'Oculus' Director To Summon Spirits With 'Ouija 2'
Even though the horror flick Ouija, inspired by the spirit board that has been said to allow users to speak to people in the afterlife, wasn't a massive hit at the box office last year, it still pulled in $100 million worldwide on a budget of just $5 million. That made it profitable enough for Universal Pictures, Blumhouse Productions, Platinum Dunes and Hasbro to move forward with a sequel, which was announced back in January.
The first movie was absolutely terrible, and the paltry 7% on Rotten Tomatoes reinforces that. However, now there's a chance that the sequel could be better with with Oculus helmer Mike Flanagan directing Ouija 2. Plus, one of his stars from the aforementioned superior psychological horror flick is coming with him.

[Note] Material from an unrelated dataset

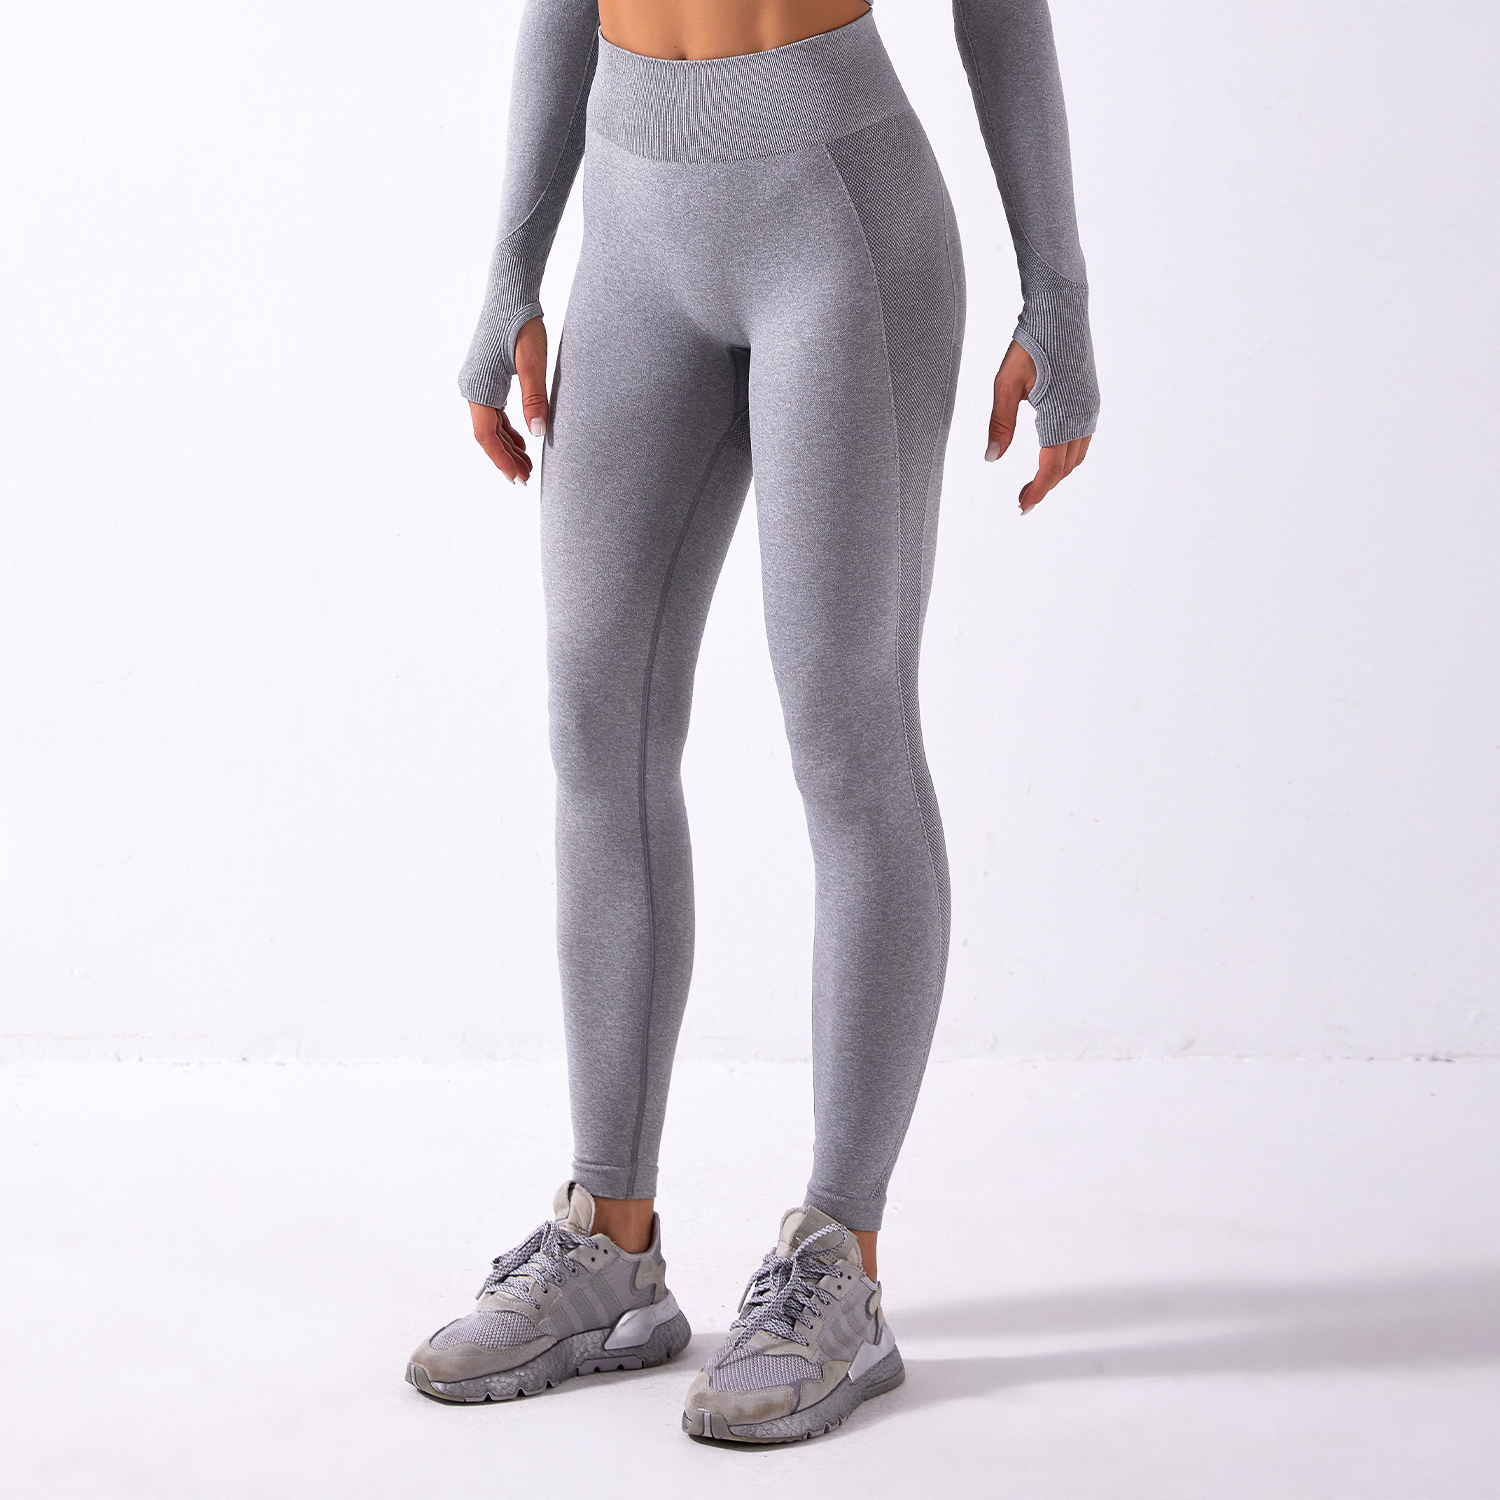 https://wholesale100.com/wp-content/uploads/2020/12/cheap-fitness-leggings.jpg

THR reports Flanagan is on board as director after already being part of the production as co-writer with his Oculus writing partner Jeff Howard. In addition, actress Annalise Basso is also coming with Flanagan. Basso played a young version of Karen Gillan in Oculus, and since there were quite a lot of flashbacks in the movie, she was a pivotal part of the movie.
Beware of spoilers from the first Ouija movie from here on out (even though it's a movie that spoils itself by not being very good).
The first movie centered on five teenagers (Olivia Cooke, Ana Coto, Daren Kagasoff, Douglas Smith, and Bianca A. Santos) who gather around a Ouija board to reach out to a recently deceased friend. Of course, they end up being haunted by a mysterious supernatural force that starts picking them off. While the main character believed the board to be destroyed at the end, it reappeared in her room, prompting a scream and a cliffhanger.
However, this new sequel doesn't sound like it will utilize any of the characters from that story. In Ouija 2, Basso plays a young girl grieving the death of her father, and we're betting that when she tries to contact him with the Ouija board that all hell breaks loose again. Didn't we just see this in the plot of Insidious: Chapter 3 though, just with a daughter wanting to reconnect with her mother?
Anyway, here's hoping that adding Flanagan, who constructed a very original and compelling psychological horror movie in Oculus, to the Ouija formula actually shakes things up enough to make this kind of familiar story more interesting than its immediate predecessor and all the stories that came before it.